In deze uitspraak beoordeelt de Rechtbank Zeeland-West-Brabant het beroep van belanghebbende tegen de uitspraak op bezwaar van de inspecteur van de Belastingdienst. De inspecteur had aan belanghebbende voor het jaar 2015 een aanslag inkomstenbelasting en premie volksverzekeringen opgelegd, alsmede een verzuimboete en belastingrente. Belanghebbende verzocht om ambtshalve vermindering van deze aanslag, maar de inspecteur verklaarde dit verzoek niet-ontvankelijk omdat het buiten de termijn was ingediend. De rechtbank heeft het beroep op 15 september 2022 behandeld, waarbij belanghebbende en zijn echtgenote aanwezig waren, evenals twee inspecteurs van de Belastingdienst.
De rechtbank oordeelt dat het verzoek om ambtshalve vermindering terecht is afgewezen. De termijn voor het indienen van een dergelijk verzoek is vijf jaar na het einde van het kalenderjaar waarop de aanslag betrekking heeft. In dit geval eindigde de termijn op 31 december 2020, terwijl het verzoek pas op 18 februari 2022 werd ingediend. Belanghebbende voerde aan dat hij door persoonlijke omstandigheden, waaronder een ontslagprocedure en gezondheidsproblemen, niet in staat was om tijdig een verzoek in te dienen. De rechtbank oordeelt echter dat deze omstandigheden niet voldoende zijn om de termijnoverschrijding als verschoonbaar te beschouwen.
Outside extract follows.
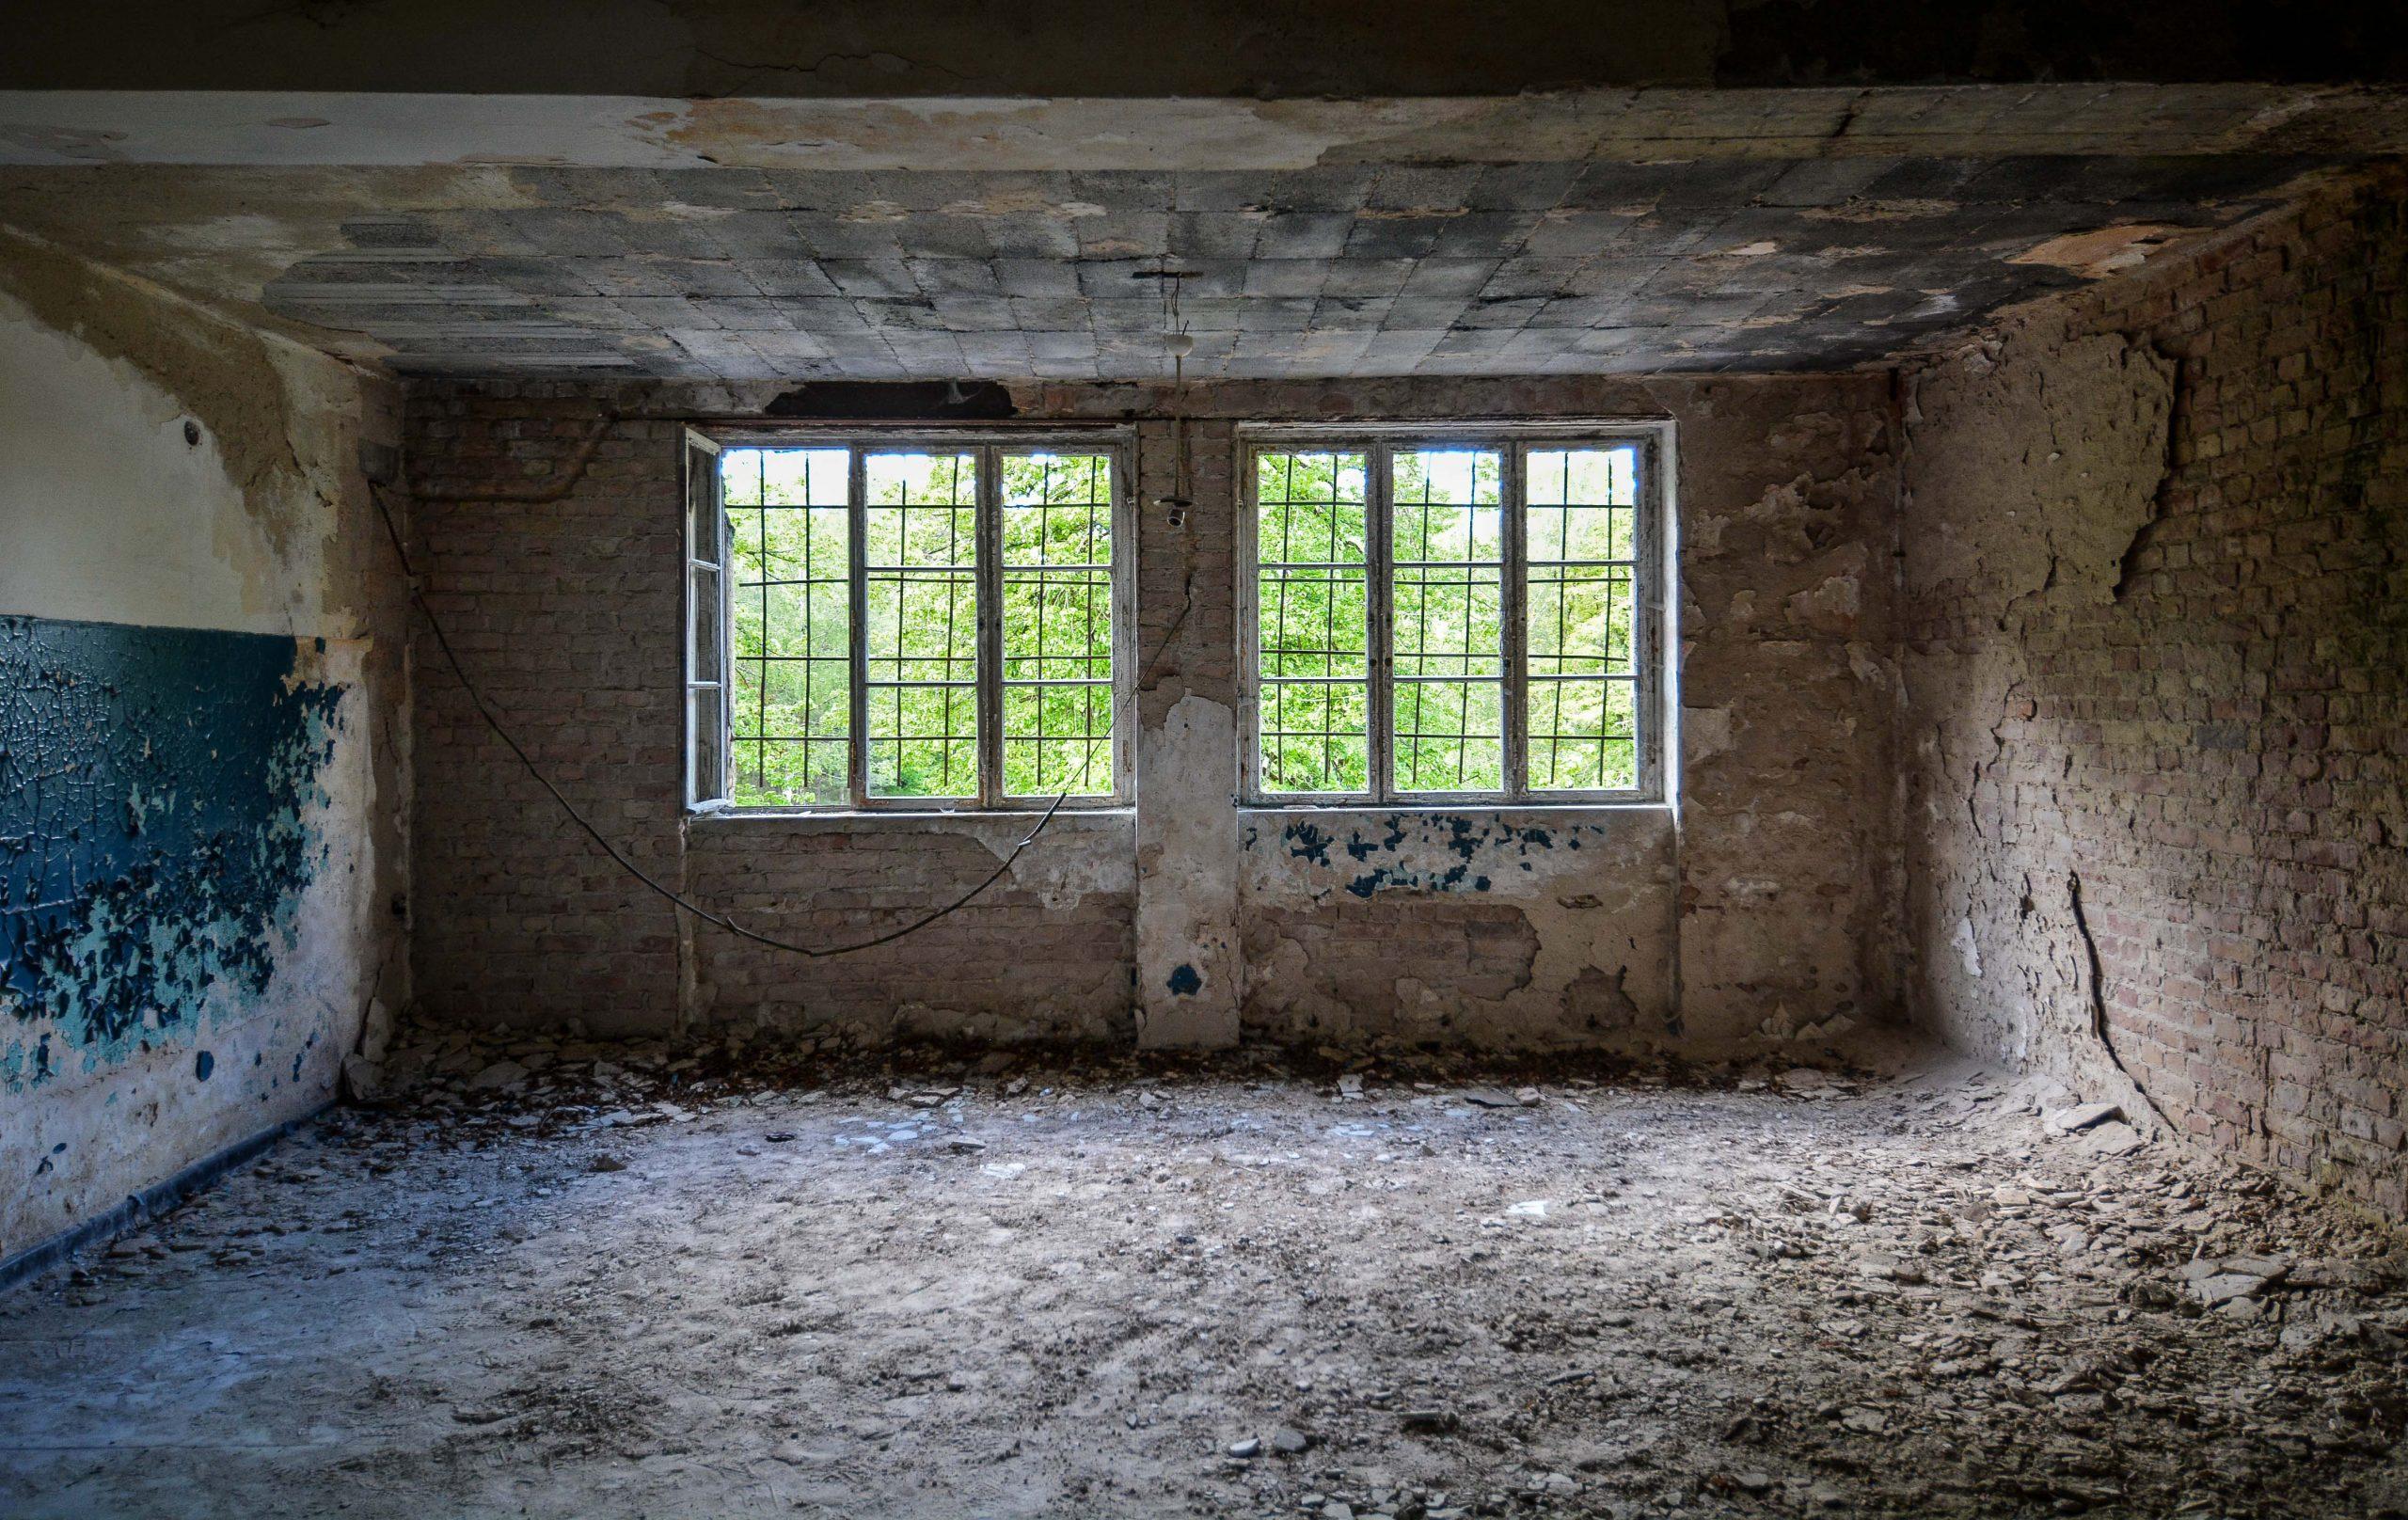 bare bricks wall tuberkulose heilstaette grabowsee sanatorium hospital oranienburg lost places abandoned urbex brandenburg germany deutschland

Daarnaast verwierp de rechtbank het beroep op het gelijkheidsbeginsel, omdat de inspecteur en belanghebbende niet in gelijke gevallen verkeren. De rechtbank concludeert dat het beroep ongegrond is en dat zij voor het overige onbevoegd is. De rechtbank ziet geen aanleiding voor een proceskostenveroordeling en wijst belanghebbende erop dat verzoeken om schadevergoeding en kwijtschelding van de boete bij de civiele rechter of de ontvanger van de Belastingdienst moeten worden ingediend.